82P/Gehrels

Discovery
- Discovered by: Tom Gehrels
- Discovery site: Palomar Observatory
- Discovery date: 27 October 1975

Designations
- MPC designation: P/1975 U1 P/1984 P1
- Alternative designations: Gehrels 3; 1977 VII, 1985 IV, 1993 XIV; 1975o, 1984l, 1992v;

Orbital characteristics
- Epoch: 25 February 2023 (JD 2460000.5)
- Observation arc: 44.56 years
- Number of observations: 149
- Aphelion: 4.638 AU
- Perihelion: 3.629 AU
- Semi-major axis: 4.133 AU
- Eccentricity: 0.12207
- Orbital period: 8.403 years
- Inclination: 1.1259°
- Longitude of ascending node: 239.25°
- Argument of periapsis: 226.43°
- Mean anomaly: 200.37°
- Last perihelion: 28 June 2018
- Next perihelion: 14 November 2026
- T_{Jupiter}: 3.027
- Earth MOID: 2.643 AU
- Jupiter MOID: 0.517 AU

Physical characteristics
- Dimensions: 1.46 km (0.91 mi)
- Comet total magnitude (M1): 7.6
- Comet nuclear magnitude (M2): 16.4

= 82P/Gehrels =

Encke-type comet

82P/Gehrels is a periodic comet that was discovered on 27 October 1975, by Tom Gehrels at the Palomar Mountain Observatory in California having a faint nuclear brightness of magnitude 17.

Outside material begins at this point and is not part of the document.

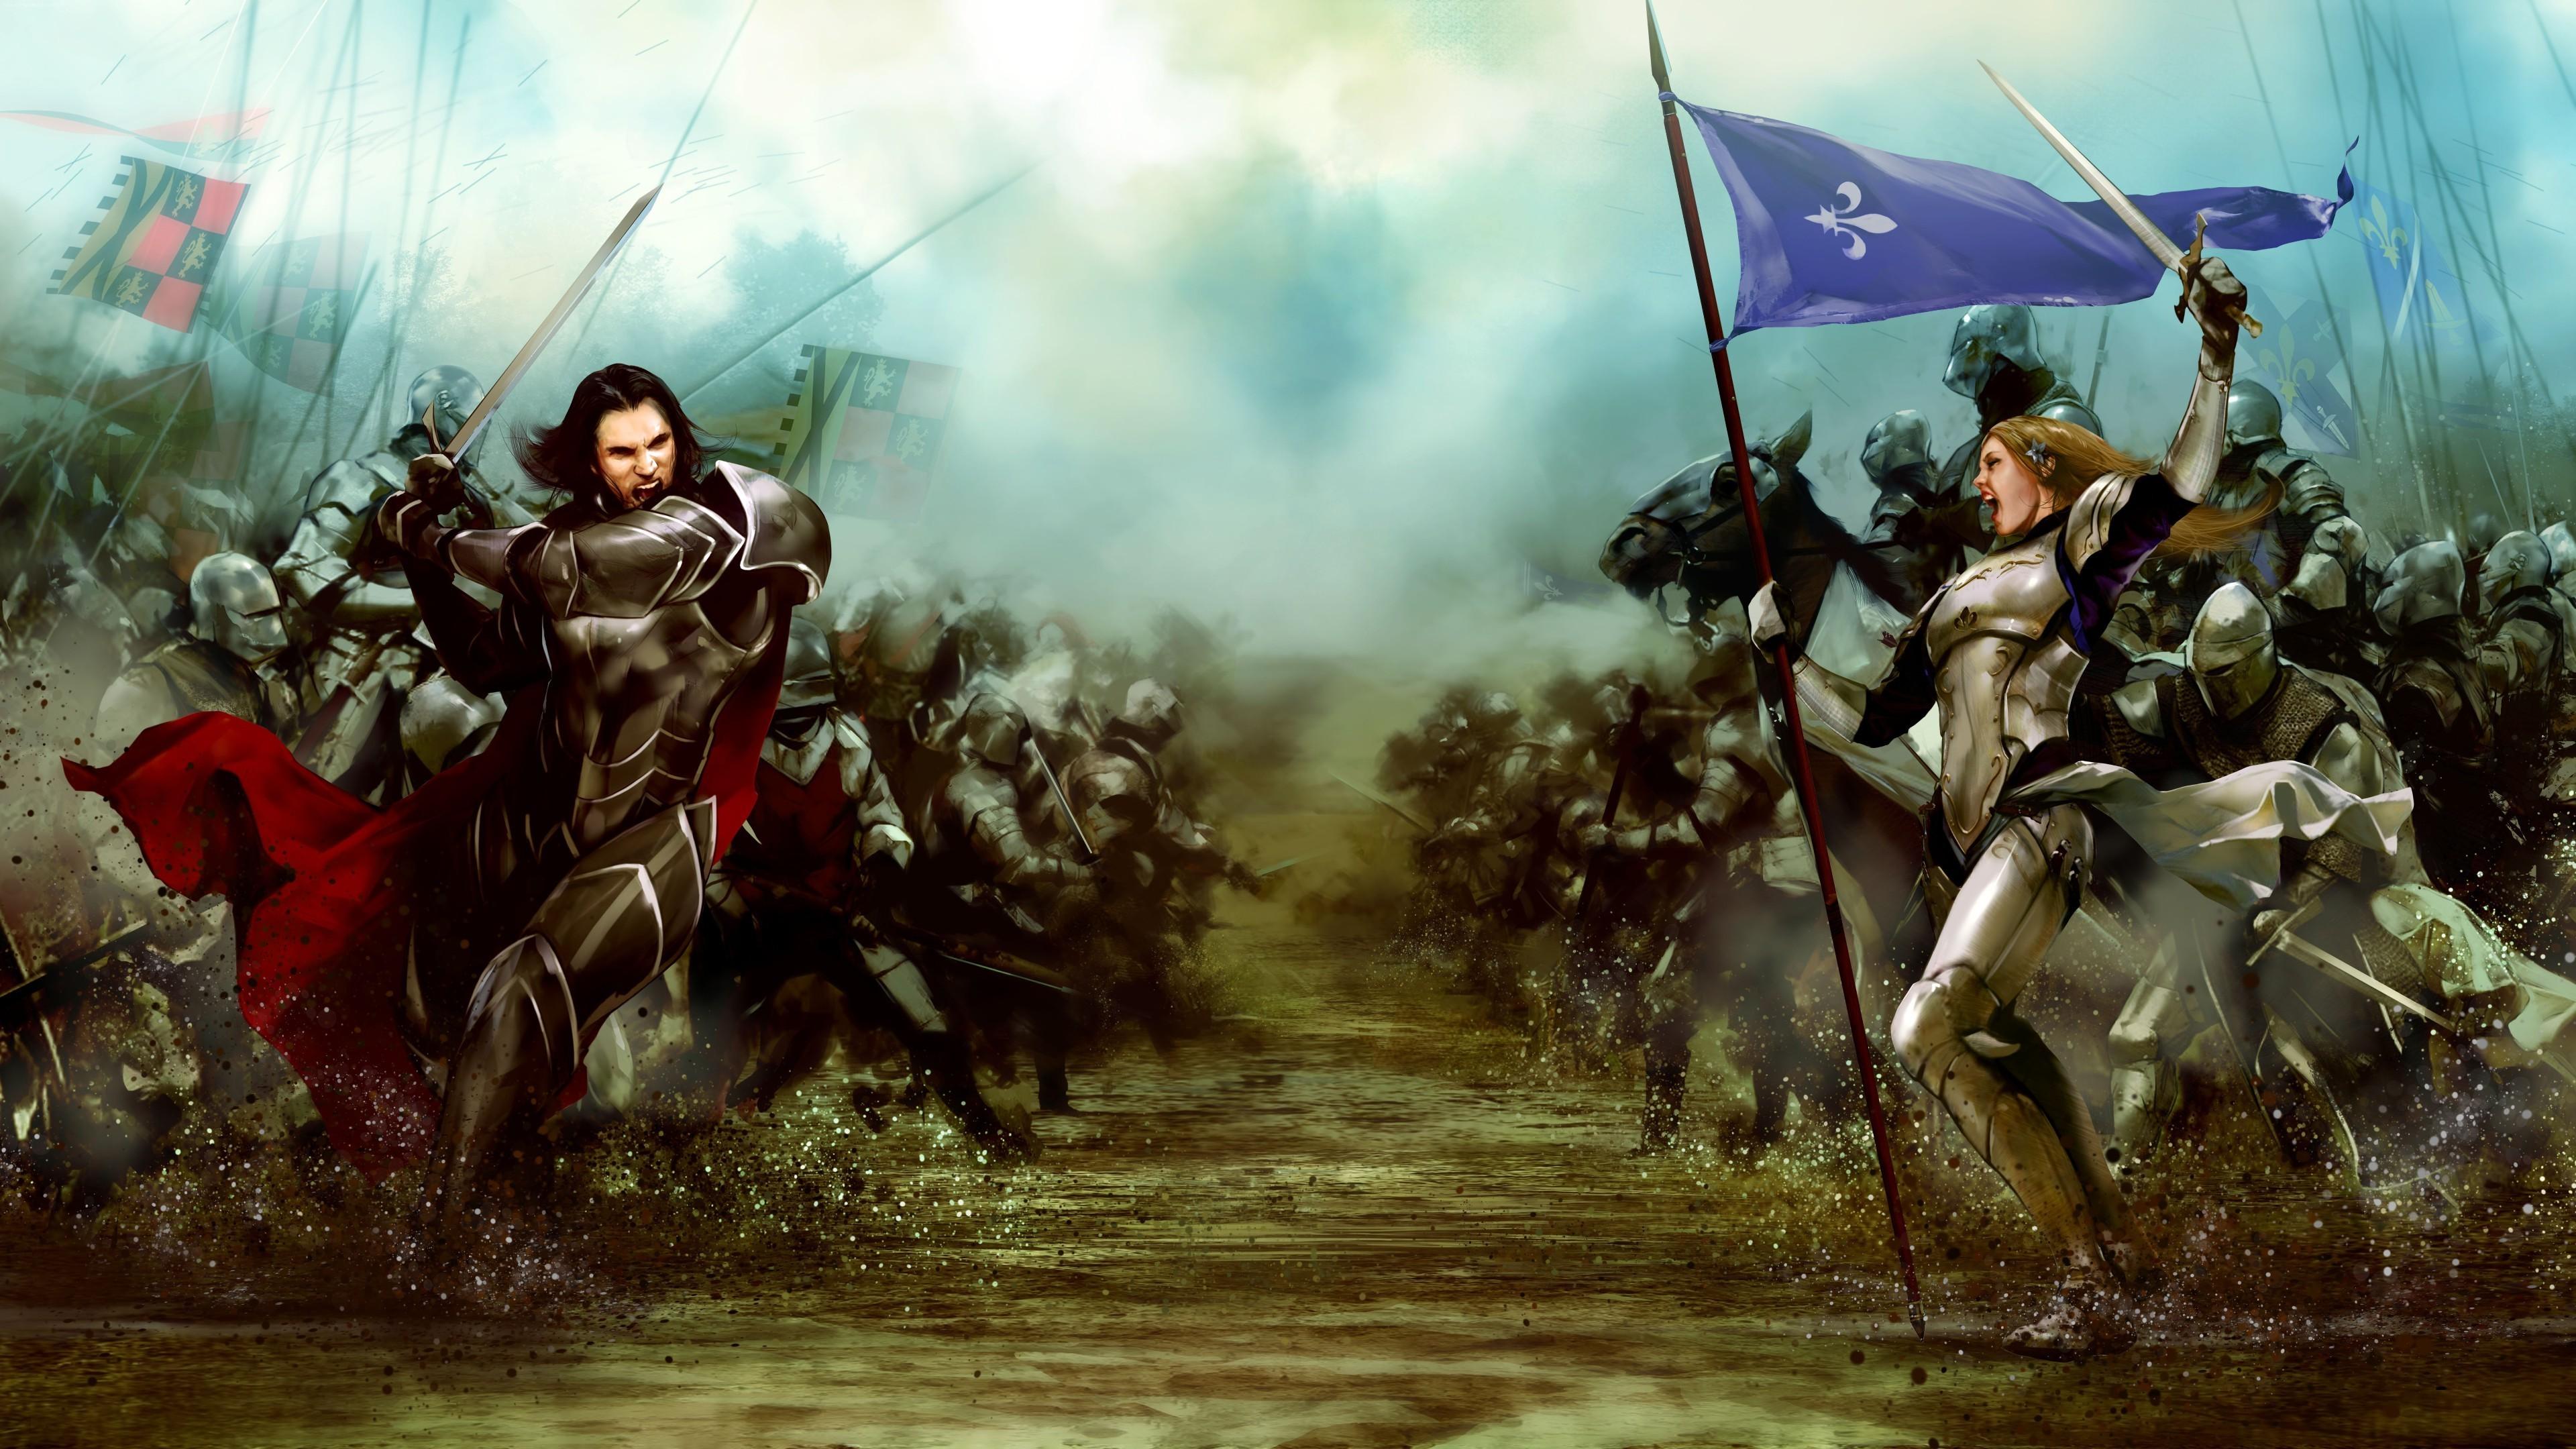 God Of War Wallpaper Hd 3d Download Bladestorm Nightmare War Video Games Knights Concept
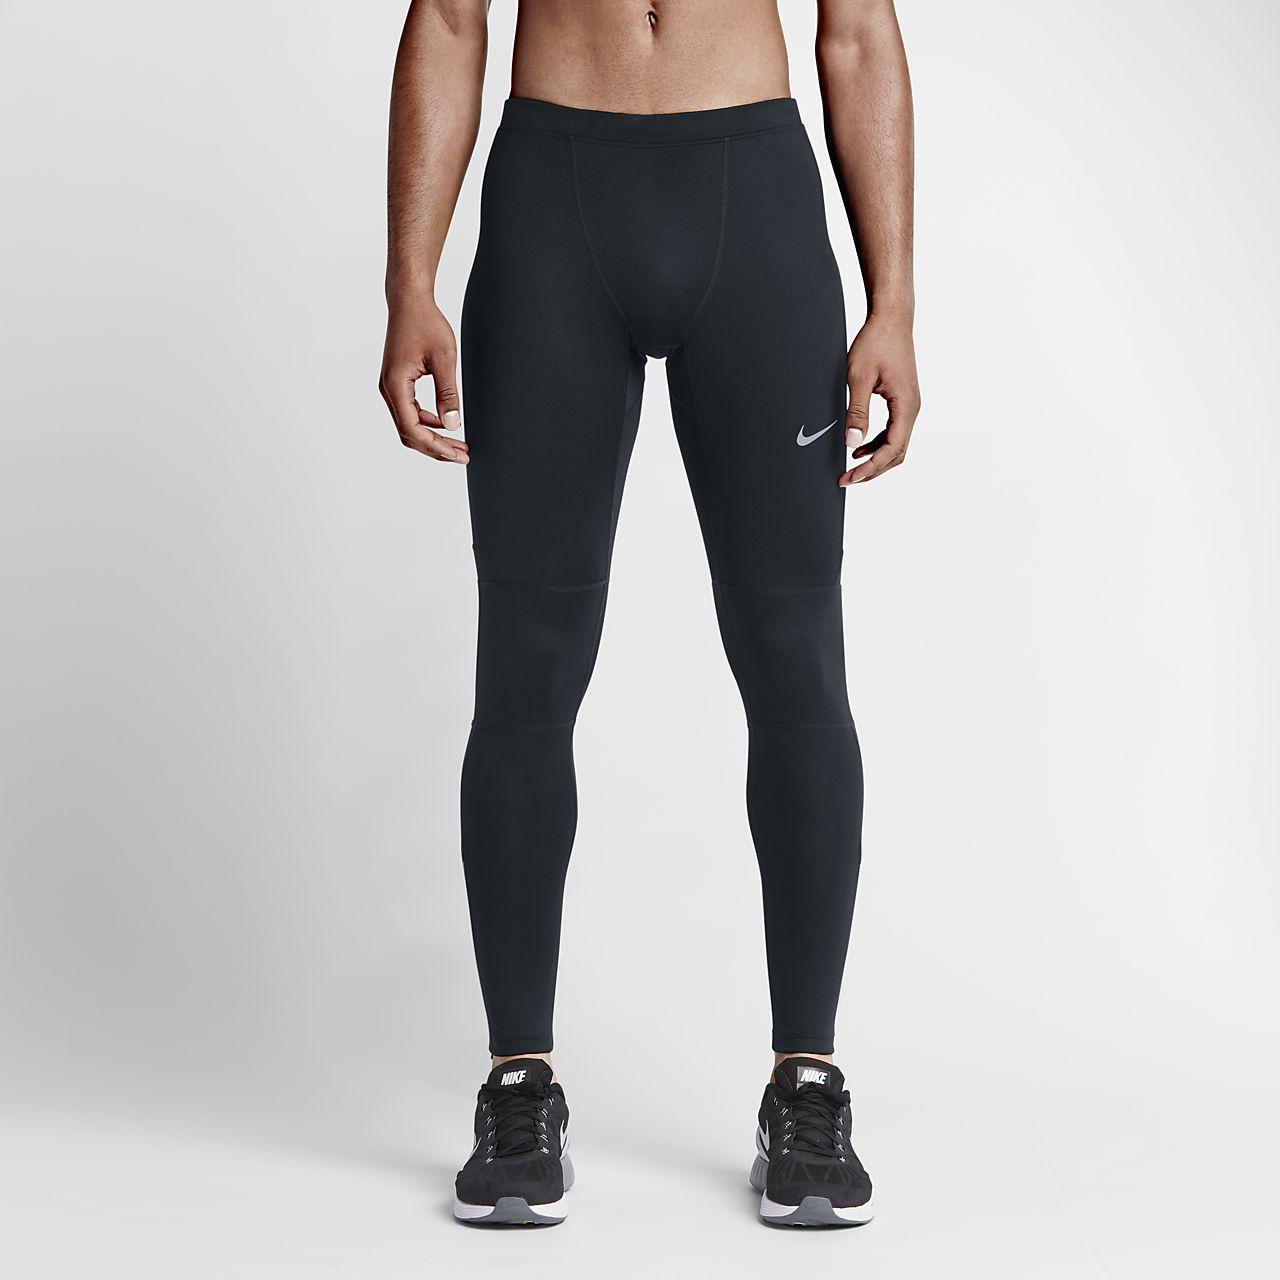 Nike Power Essential Men's Running Tights Black

Calculations based on the early sightings gave an estimated perihelion of 23 April 1975 and an orbital period of 8.11 years. It was observed by J. Gibson on its next predicted apparition in 1984, using the 122-cm Schmidt at Palomar, when he estimated the nuclear brightness at a very faint magnitude 20. It has since been observed in 1993, 2001 and 2010.

The object has been identified as a quasi-Hilda comet, which means it is near a 3:2 mean-motion resonance with the planet Jupiter. It fits the definition of an Encke-type comet with (T_{Jupiter} > 3; a < a_{Jupiter}). It has an estimated diameter of 1.46 km.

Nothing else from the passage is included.